Fossils capture natural history

July 25, 2006

By MARY AMES

Frontiersman

SUTTON - Once upon a long-time ago, it was warmer here.

You can see traces of plants that thrived then in the sedimentary rock layers in Sutton.

All you need is a truck with high clearance, and you can go to the end of the Jonesville Road. Some people come with picks and shovels, but you can find plant fossils there with no digging at all.

The wind-blown sands and silt that preserved the imprints of long-ago woody plants, filled the carbon content of the plant with minerals and compressed to make sedimentary rocks.

These babies are soft. They split apart and crumble easily. So you need to come with patience and a gentle touch more than with picks and poles.

I went to get my fair share of fossils on a holiday weekend, something I won't do again. Let the youth of America make their incessant beer runs to the store, careen over steep hills in daddy's pickup truck and make babies in the alder brush on the weekends.

Fossil hunting can be done during the week, I say.

&#8220I want to find a dinosaur bone,” said the man I fossiled with. He climbed about one-third of the way up a rock slide, sat down and picked up a rock.

Millennia ago, hominoids had to strike one rock against another to chip out tools. They had to do it to kill, skin and butcher food.

This present-day man struck one rock against another for about two hours, happy as a clam, looking for faint tracings in rocks from millennia ago.

How far we have evolved, I thought, that we do the same sort of thing, only now it's considered play instead of work.

I headed up the rock slide, picking and keeping, or picking and discarding as I went. Fossils of woody stems and leaves were everywhere within easy reach.

I got about half-way up the hill, when it dawned on me that flip-flops were not the best footwear for climbing rock slides.

How far we have evolved, I thought, and sat down myself.

Saber-toothed tigers, woolly mammoths and large sea creatures are preserved whole and in part north of the Alaska Range, where they stay preserved and chilled in the permafrost. Fossil ivory collectors claim territory on the Yukon River's high banks near Ruby, and many gold miners unearth ancient, frozen finds.

But in Sutton, between the Chugach and Talkeetna Ranges, plant fossils are the common thread that runs through the layers of sediments. Subjected to cycles of freezing and thawing, rain and wind, these deposits hold mostly plants. You always can hope for the rare fossil of a dragonfly, or the shank of dinosaur bone, and you may actually find one. But fossil hunting in Sutton is more about the little subtle things, the dark lines of a plant stem or the lacy imprint of a fern.

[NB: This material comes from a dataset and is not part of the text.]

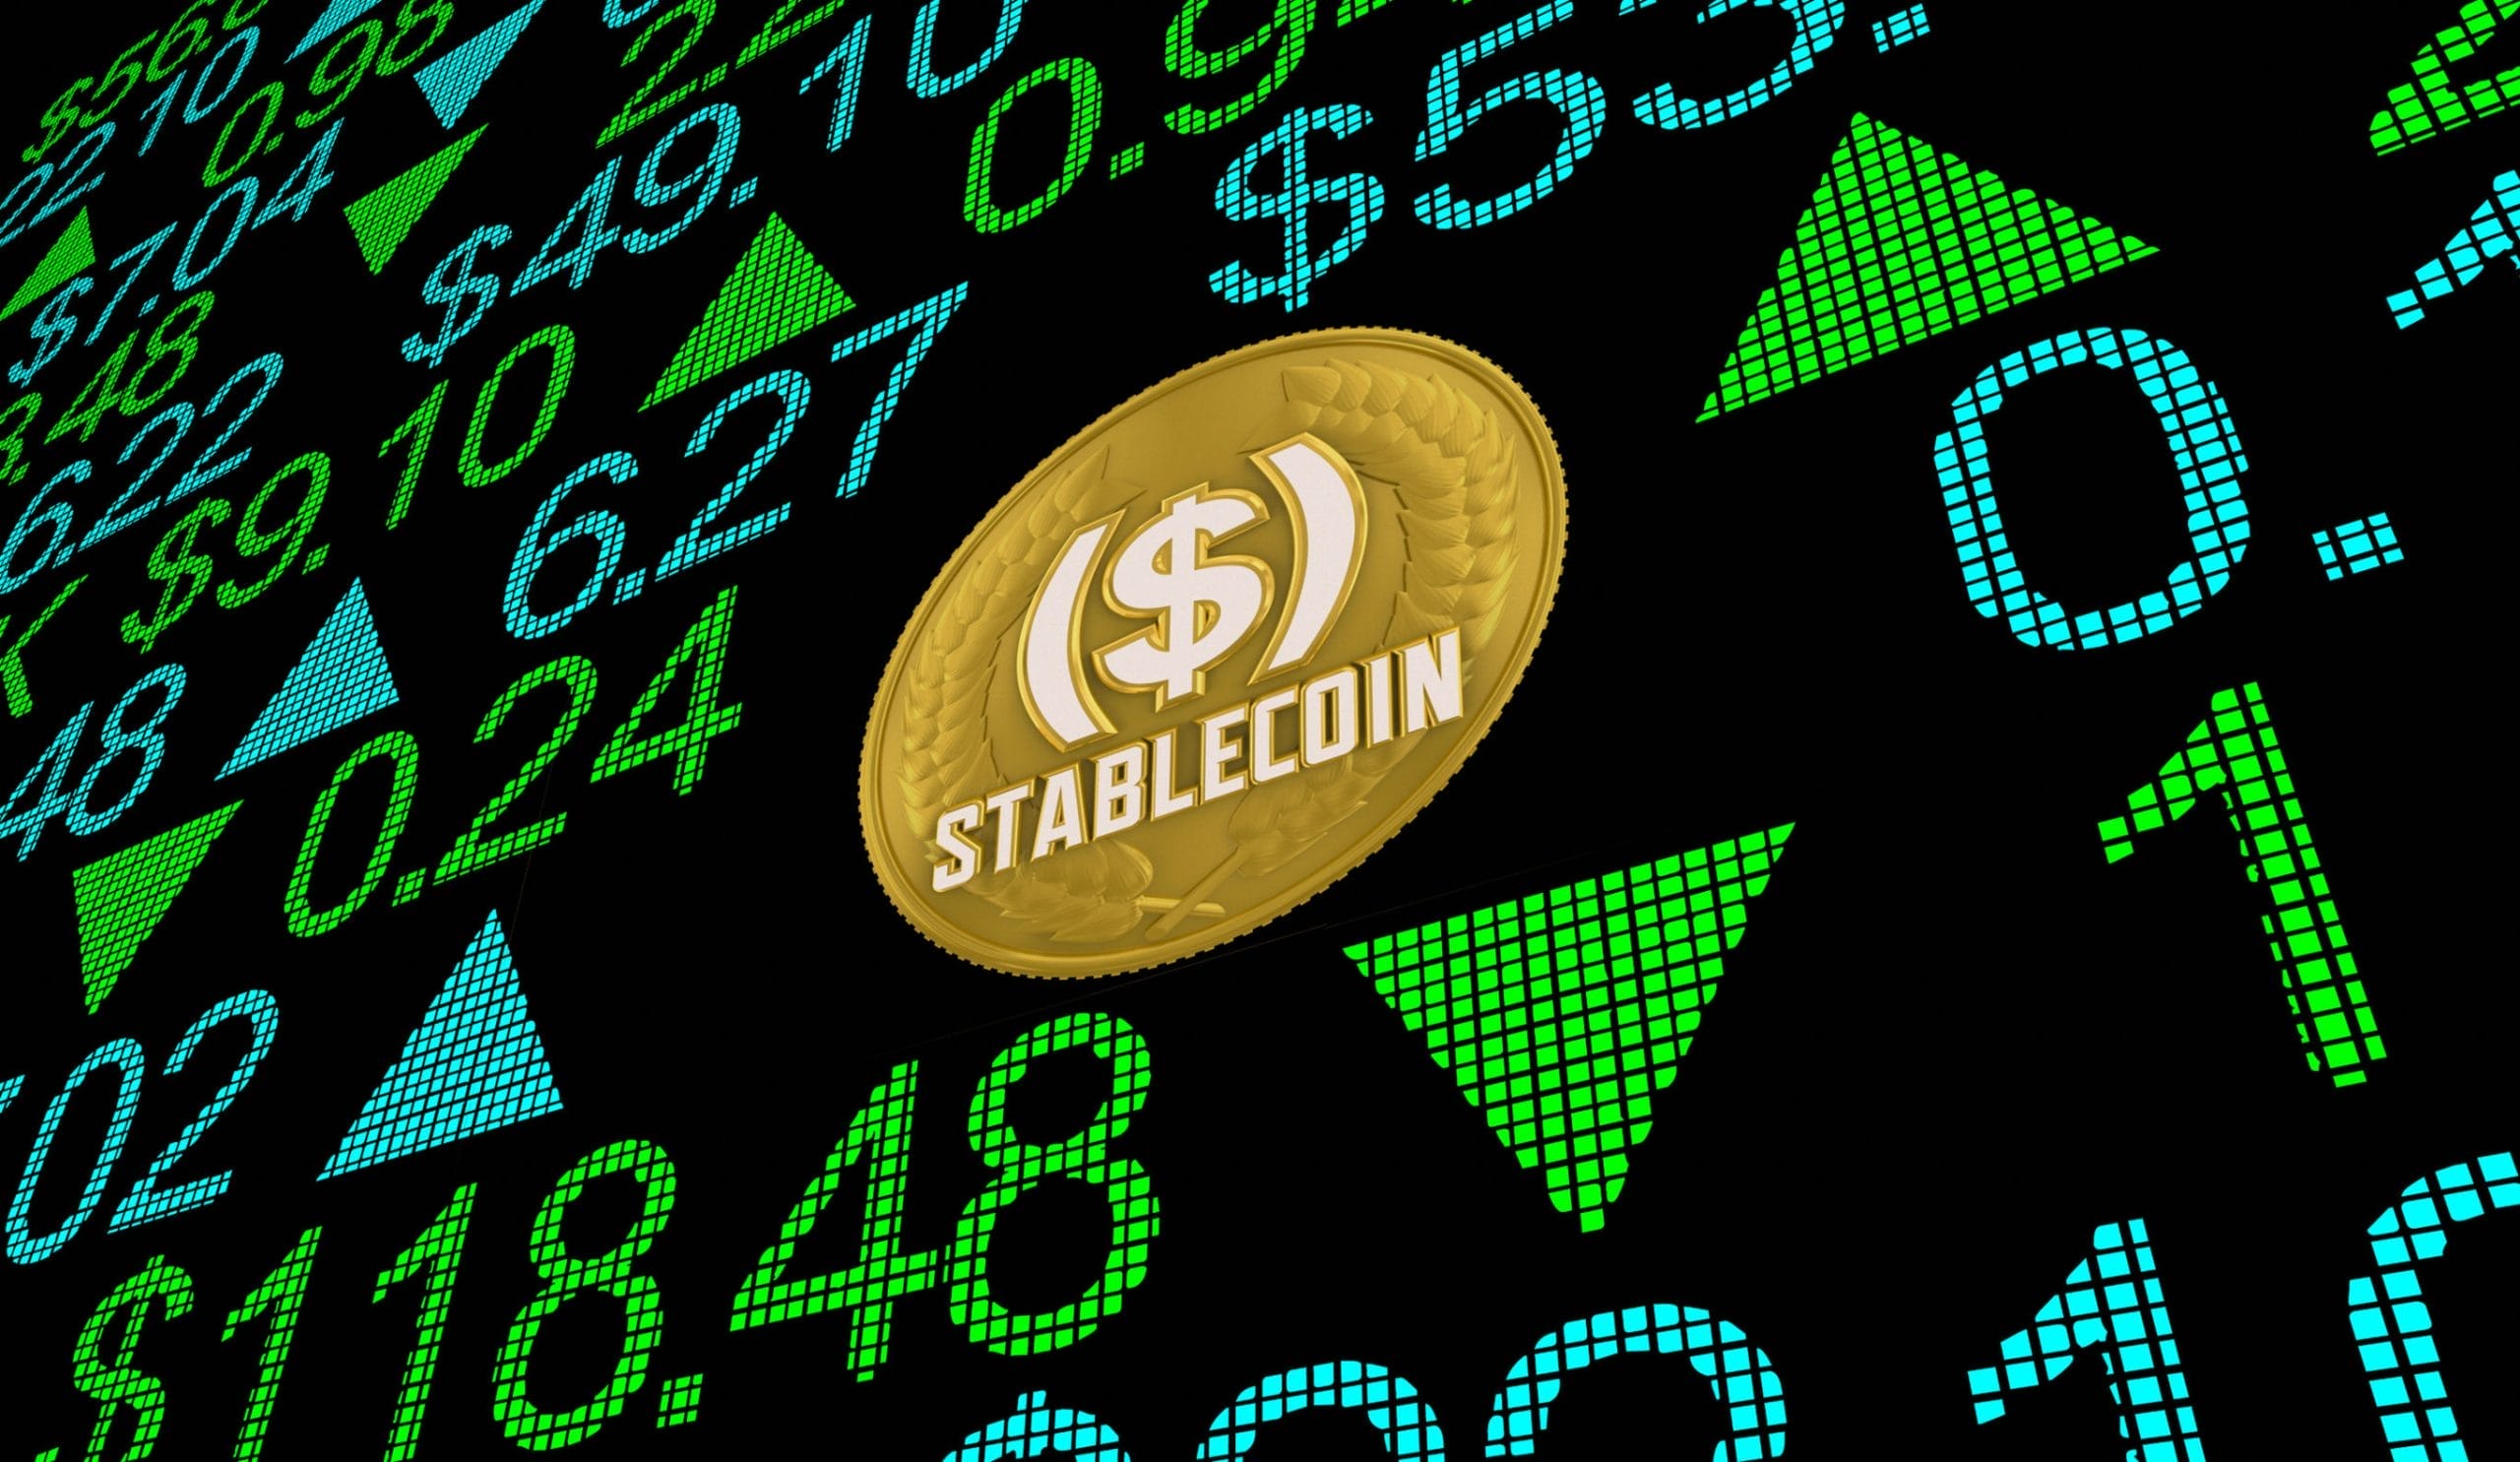 มูลค่าตลาดของ Stablecoin มีมูลค่าถึง 138 พันล้านดอลลาร์ โดยปริมาณการเติบโต 4.5% ในเดือนนี้

Sutton has everything a recipe for making fossils calls for, fine-grained sedimentary rocks that have been compressed over a long period, uplifted again toward the surface and exposed by quarries and road cuttings.

As exciting as they are, the down side of fossils is that they are finite. There are a limited number, and they are eroded easily or destroyed.

So, I only took my fair share, and I hope others do the same.